Menù di stagione è la parola "chiave" dell'intera programmazione, ricca e articolata nella sua "offerta", che accompagnerà lo spettatore, e gli stessi protagonisti, verso la piena e sospirata ripresa, superando un momento che ha sospeso tanto i corpi quanto le menti, e riconoscendo nel teatro, e nella cultura tutta, uno degli elementi vitali della nostra quotidianità.

I volti d'importanti artisti del panorama teatrale, tra i quali Silvio Orlando, Isabella Ragonese, Ascanio Celestini, Giuseppe Battiston, Marco Baliani, Ferzan Ozpetek, Filippo Nigro, Paolo Valerio, daranno voce e anima alle storie sul palcoscenico partenopeo.

Palcoscenico che ospiterà spettacoli e riletture firmati da importanti registi, in alcuni casi anche interpreti in scena, del panorama nazionale e internazionale come Daniel Pennac, Maurizio Scaparro, Lucia Calamaro, Claudio Di Palma, Fabrizio Arcuri, Simone Derai, Francesco Saponaro, che porteranno in scena testi di autori che vanno, fra gli altri, da Eugène Ionesco a Sergej Dovlatov, da Andrea Zanzotto a Lucia Calamaro, da Duncan Macmillan a Mozart.

La programmazione prenderà il via, giovedì 13 ottobre, con Silvio Orlando in La vita davanti a sé da La vie devant a soi di Romain Gary (Emile Ajar), di cui firma anche riduzione e regia, affiancato dall'Ensamble dell'Orchestra Terra Madre, con la direzione musicale di Simone Campa.

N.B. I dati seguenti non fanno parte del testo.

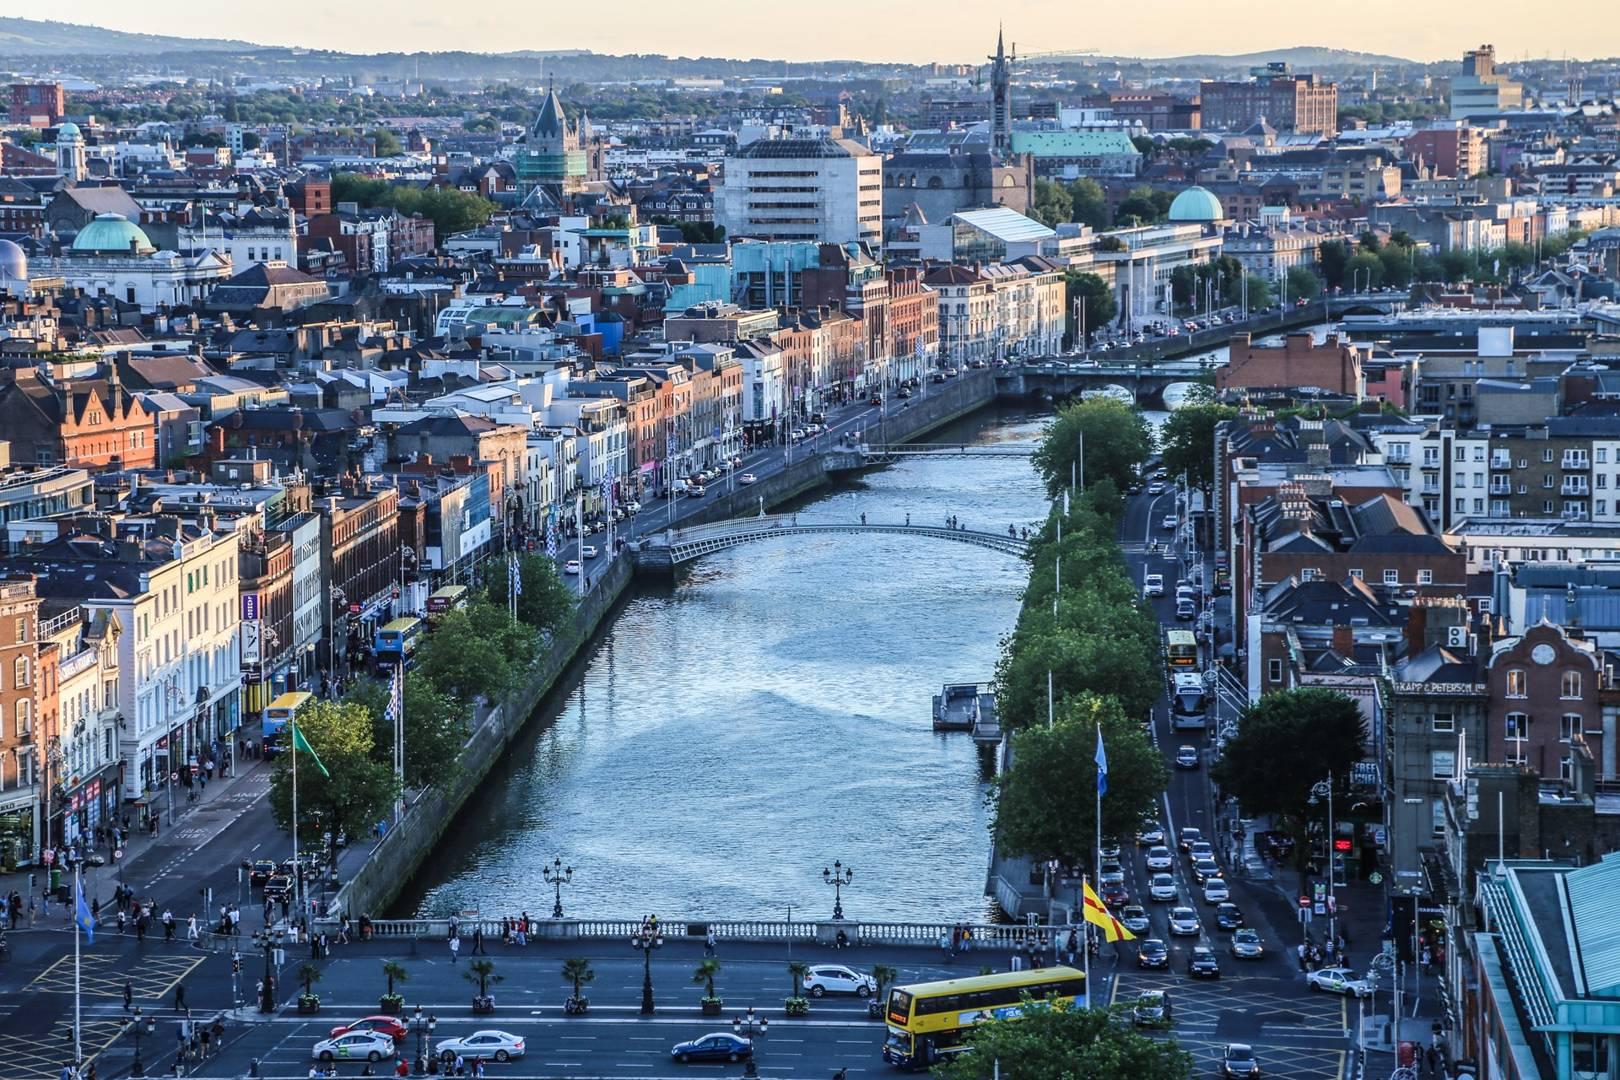 view-of-the-liffey-from-liberty-hall-dublin-ireland-conde-nast-traveller-4feb16-Tara-Morgan.jpg

Una storia commovente e ancora attualissima, che racconta di vite sgangherate che vanno alla rovescia, ma anche di un'improbabile storia d'amore toccata dalla grazia.

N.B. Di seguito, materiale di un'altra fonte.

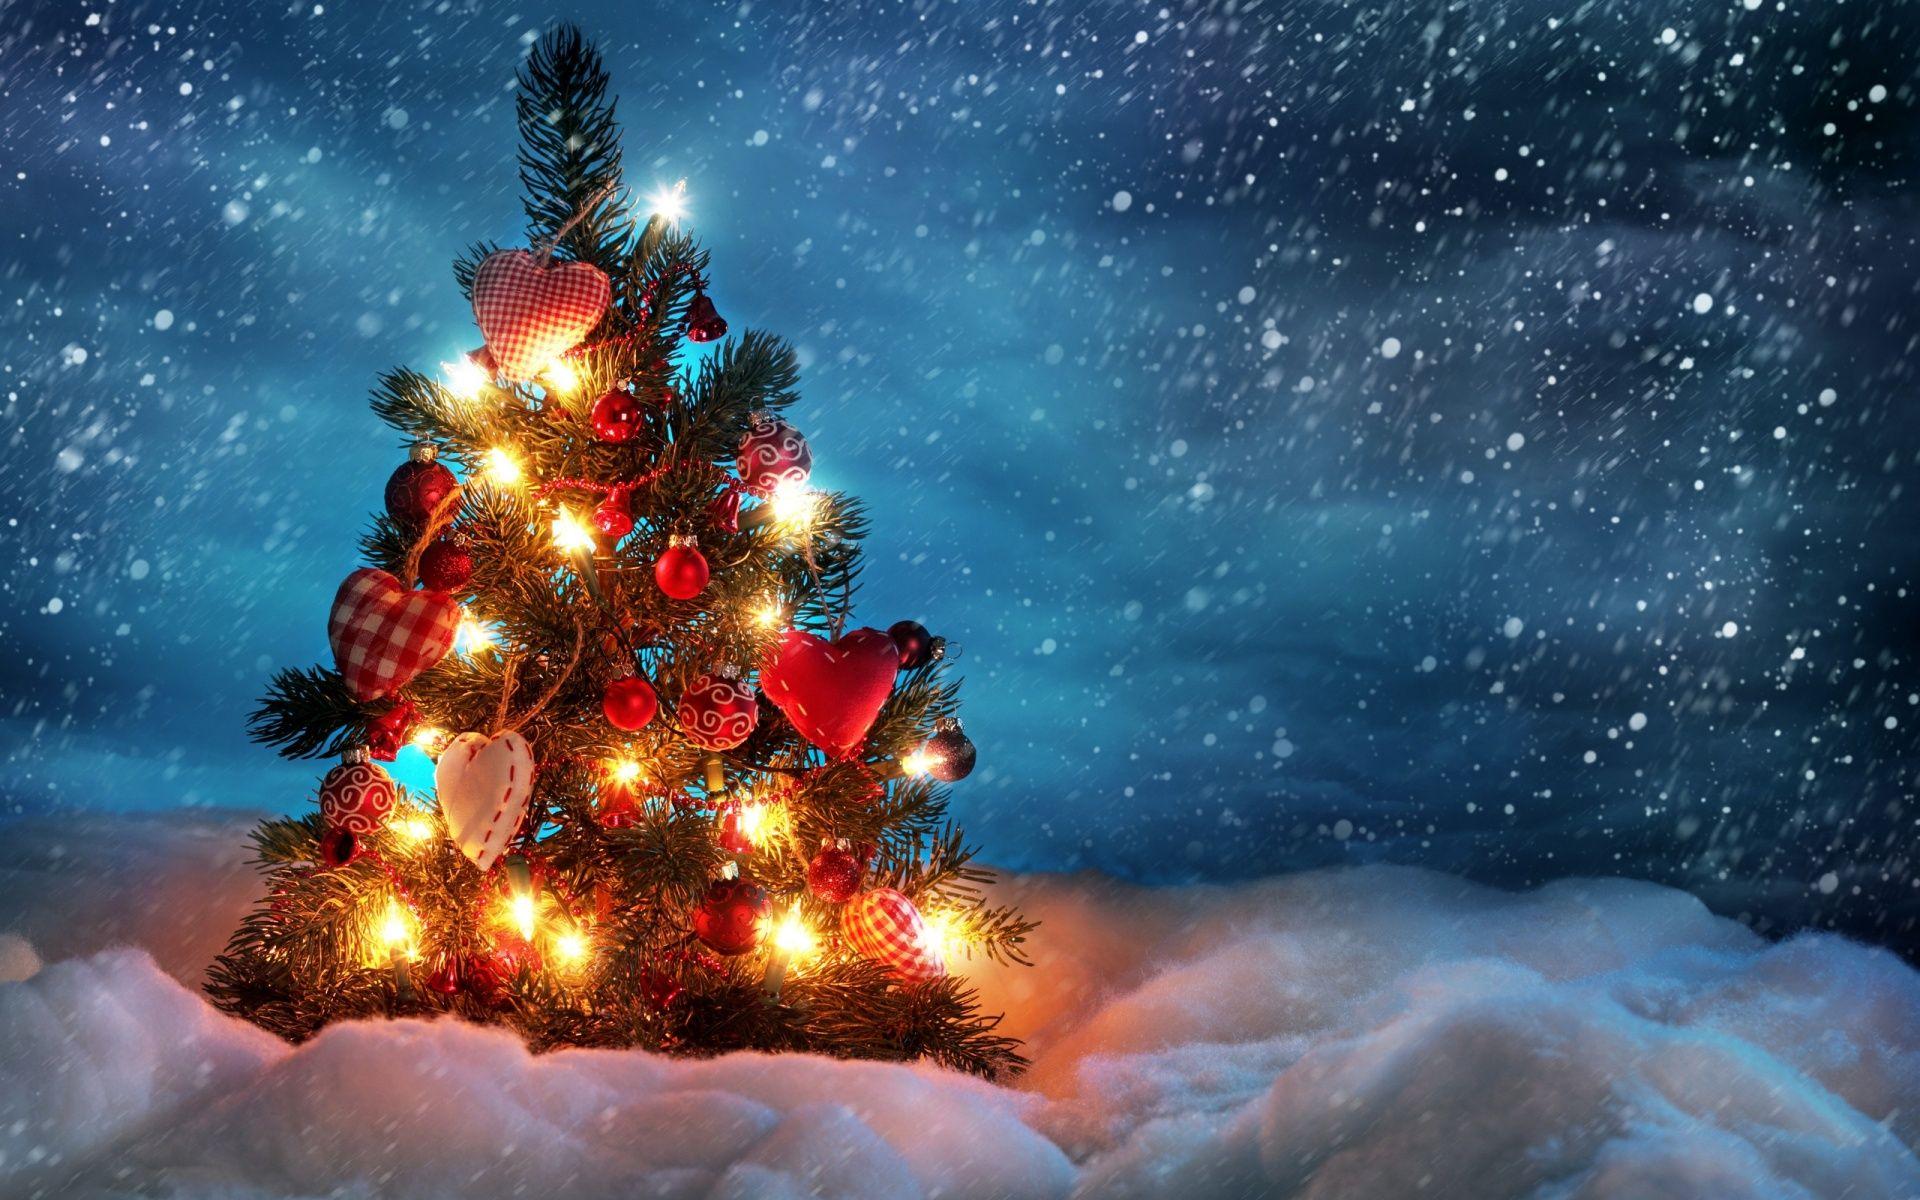 Christmas Artwork Starry Night Outside Lit Up Christmas Tree ...

E' un nuovo 'incontro' tra Anagoor e la parola poetica di Andrea Zanzotto, lo spettacolo Ecloga XI con Leda Kreider e Marco Menegoni, per la regia di Simone Derai, in scena il 22 e il 23 ottobre. Questo nuovo lavoro prosegue l'indagine scenica sulla parola poetica che da sempre Anagoor conduce. Anagoor pur non citandolo mai esplicitamente, da tempo, fatto propria la lezione di Zanzotto.

Il 12 e il 13 novembre Maurizio Scaparro porterà in scena Il re muore di Eugène Ionesco, con Edoardo Siravo, e con Enrico Bonavera, Gabriella Casali, Giulia Di Quilio, Michele Ferlito, Isabel Russinova. A distanza di sessant'anni dalla prima mondiale del testo di Ionesco (al Théàtre de l'Alliance francaise a Parigi), Maurizio Scaparro torna alla regia affrontando questo testo più che mai attuale.

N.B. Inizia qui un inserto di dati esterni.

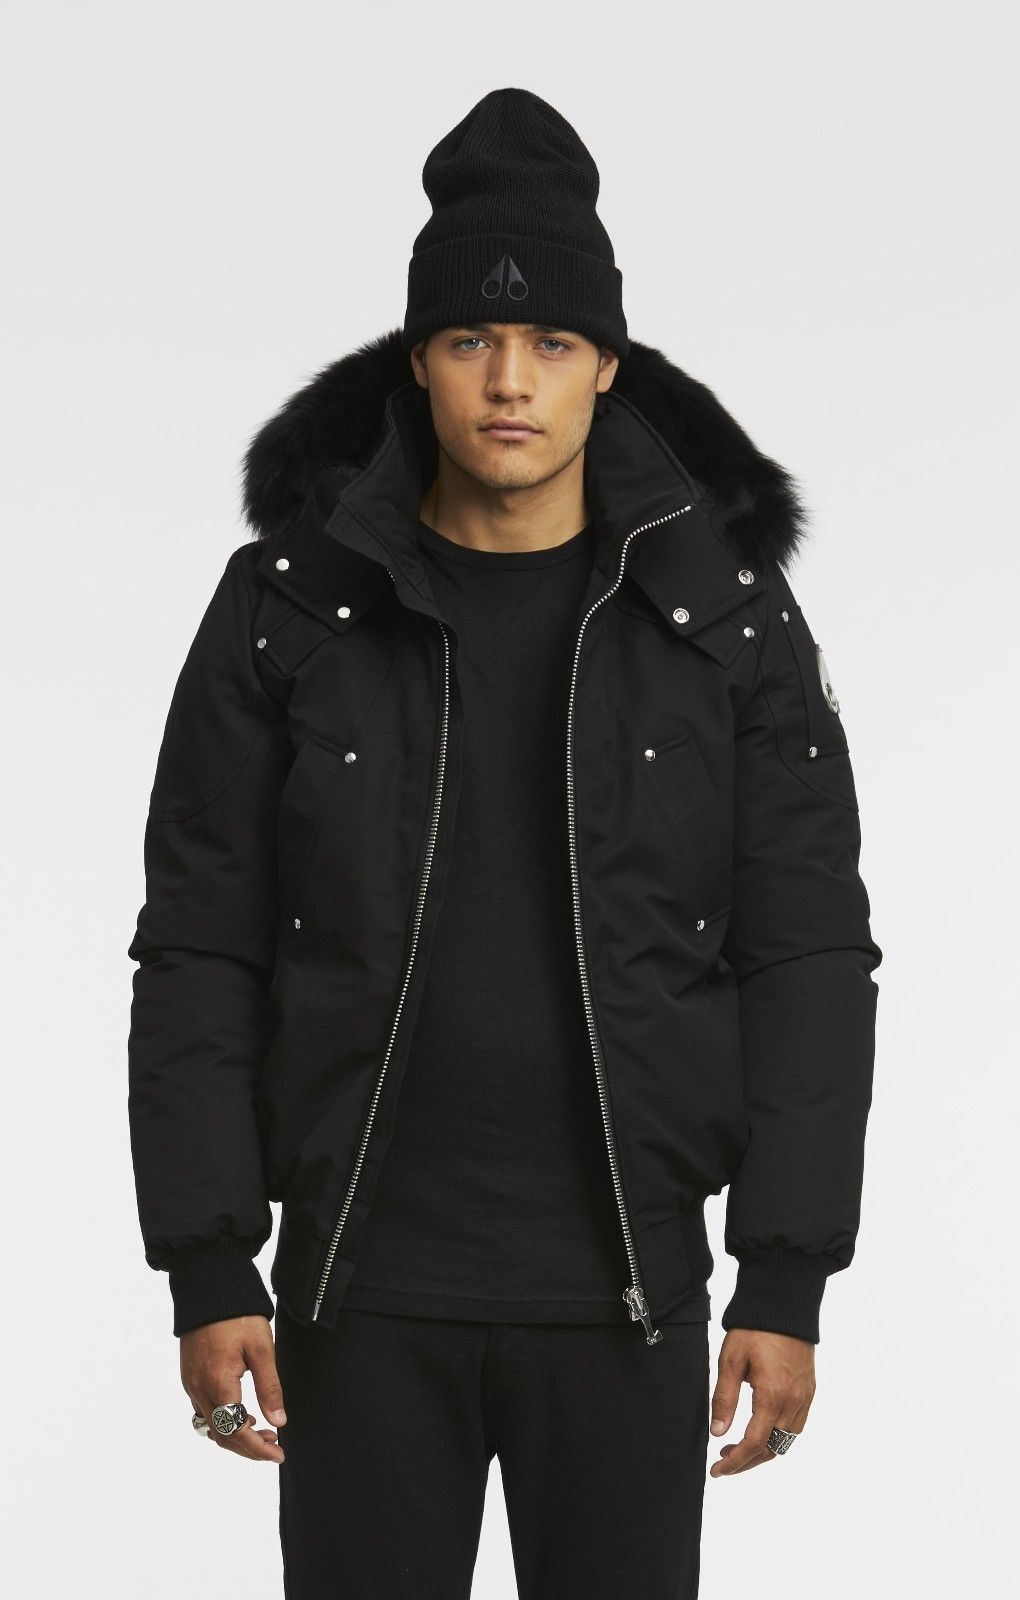 795 Moose Knuckles Ballistic Bomber Mens Hooded Fur Trim Black Jacket Size M Jackets Mens Winter Fashion Trim Jacket [ 1600 x 1020 Pixel ]

Ascanio Celestini, dal 17 al 20 novembre, ci guiderà in un ipotetico Museo Pasolini, attraverso le testimonianze di chi l'ha conosciuto, ma anche di chi l'ha immaginato, amato e odiato, con le voci di Grazia Napoletano e Luigi Celidonio e le musiche di Gianluca Casadei.

Il 26 e il 27 novembre, sarà in scena Far finta di essere sani di Giorgio Gaber e Sandro Luporini, con Andrea Mirò, Enrico Ballardini e "Musica da Ripostiglio", nell'adattamento e la regia di Emilio Russo. Gaber/Luporini sottolineano una certa incapacità di far convergere gli ideali con il vivere quotidiano, il personale con il politico. Il "signor G" vive, nello stesso momento, la voglia di essere una cosa e l'impossibilità di esserla.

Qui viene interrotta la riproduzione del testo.